Los felices ingenuos piensan que eso es un problema. Como si el mundo no hubiera avanzado. Digo, en el sentido de cambiar, no de mejorar. Y no se dan cuenta de que si Sir Winston pensara hoy en el mismo asunto de los puntos delicados de la democracia, probablemente cambiaría la frase. Apuesto:

El mejor argumento contra la democracia es una charla de cinco minutos con un diputado medio.

La broma del Brexit, con todos sus quebraderos de cabeza, lo está demostrando sobradamente. Pero no lo voy a contar, porque alguien ya lo ha hecho de forma insuperable en un comentario colgado en el Financial Times. Es acojonante, porque aunque parezca de coña es una descripción muy literal de la situación. De la situación ahora; en cinco minutos puede haber cambiado. Me limitaré a traducir.

A ver si lo pillo.

El líder de la oposición hizo campaña para quedarse en la UE, pero secretamente prefería la salida. Así que su partido ha hecho una votación no vinculante para avergonzarle y que dimita, de forma que algún otro pueda liderar una campaña para ignorar el resultado del referéndum no vinculante — que mucha gente piensa ahora que sólo era gente cabreada tratando de fastidiar a los políticos porque estos no han hecho nada por ellos.

Mientras tanto, el hombre que hizo campaña por irse de la UE porque pensaba que una derrota le daría el liderazgo del partido, accidentalmente ganó. Y arruinó cualquier posibilidad de conseguir el liderazgo, porque el hombre que pensaba que no podía perder, lo hizo — pero dimitió antes de hacer aquello que decía la votación.

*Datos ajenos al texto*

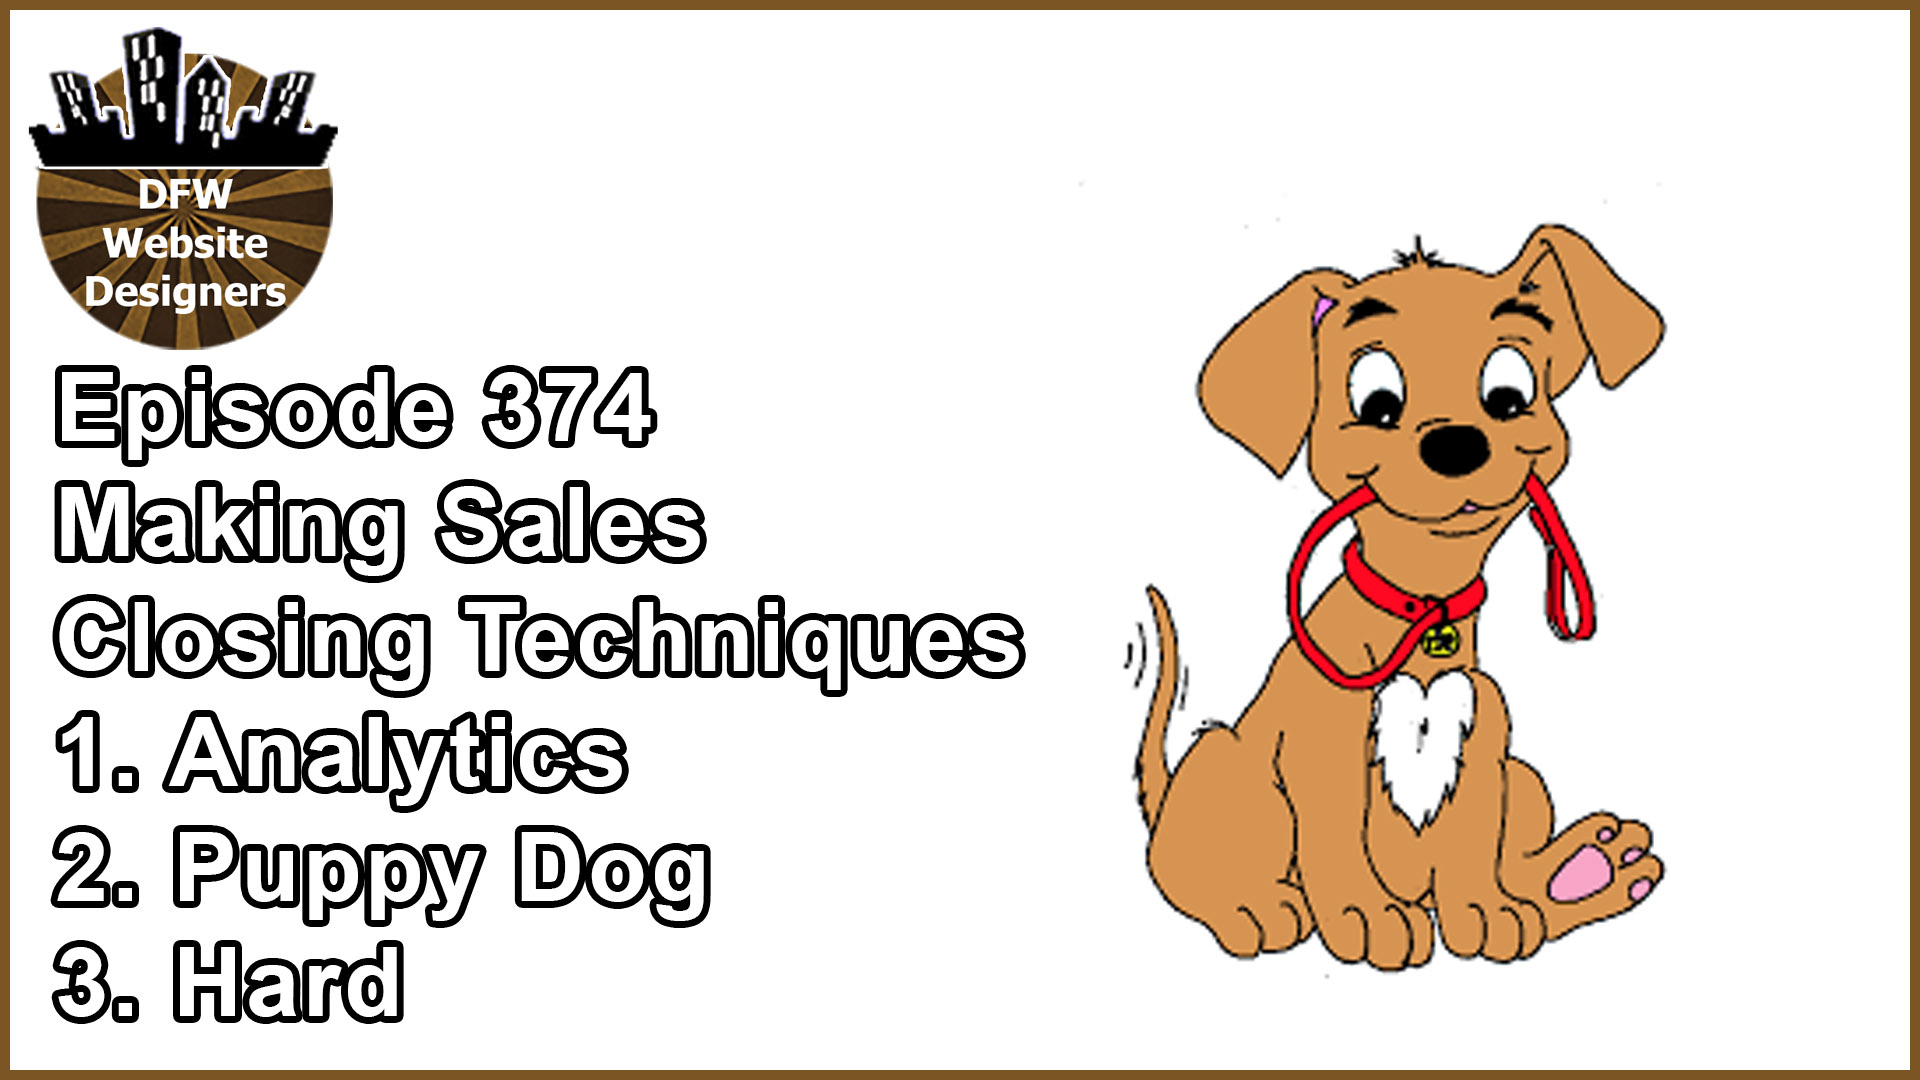 Episode 374 Making Sales Pt7 Closing: Analytics, Puppy Dog, Hard Close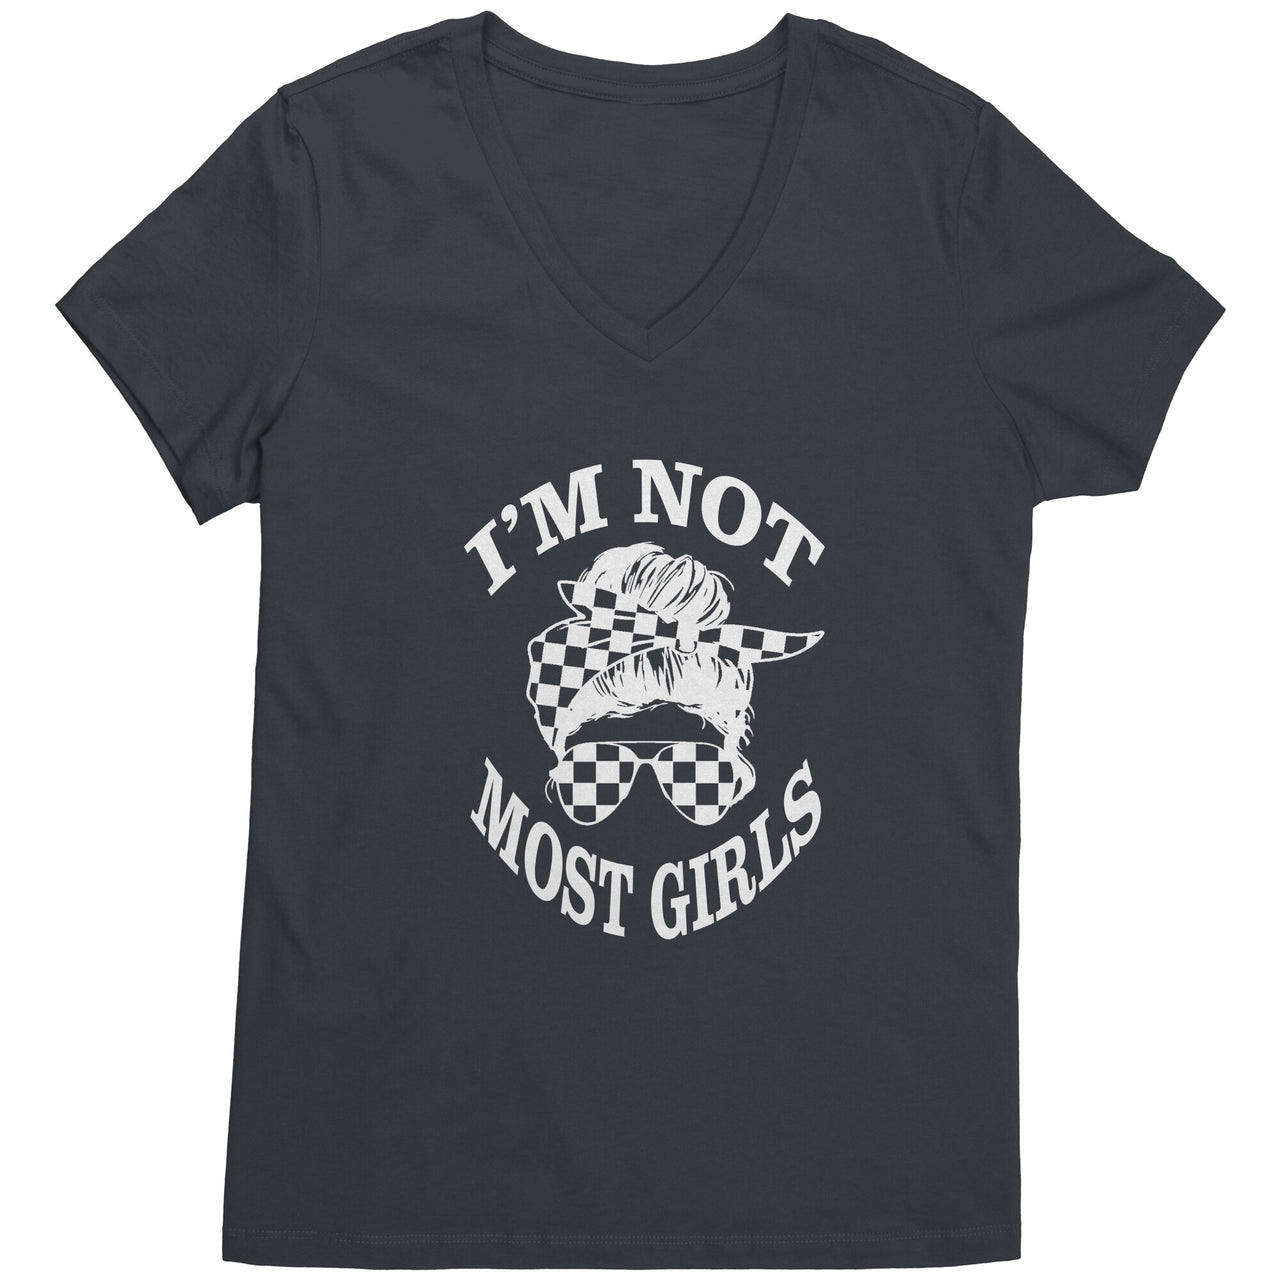 I'm Not Most Girls T-Shirts

El hombre que siempre pensó que sería el siguiente líder, hizo tan mal la campaña que todo el mundo pensó que estaba mintiendo cuando dijo que la economía se iba a dar la torta. Y estaba mintiendo; pero torta, hubo. Este, en cambio, no ha dimitido. Pero, como el hombre que perdió y el hombre el hombre que ganó, tampoco puede ser líder. Lo que quiere decir que la mujer que discretamente luchó para quedarse en le UE, pero siempre dijo que quería irse, probablemente será la líder en vez de ellos.

Lo que significa que tiene la misma postura que el líder de la oposición, pero por las razones opuestas. Y la oposición todavía no se está oponiendo a nada porque su líder no está escuchando a su partido. Que no está escuchando a su país. Que no está escuchando a los expertos, y posiblemente no presta atención a nada. Pero es igual, porque ninguno sus oponentes quiere realmente hacer aquello sobre lo que iba la votación, así que no hay nada sobre la mesa a lo que oponerse.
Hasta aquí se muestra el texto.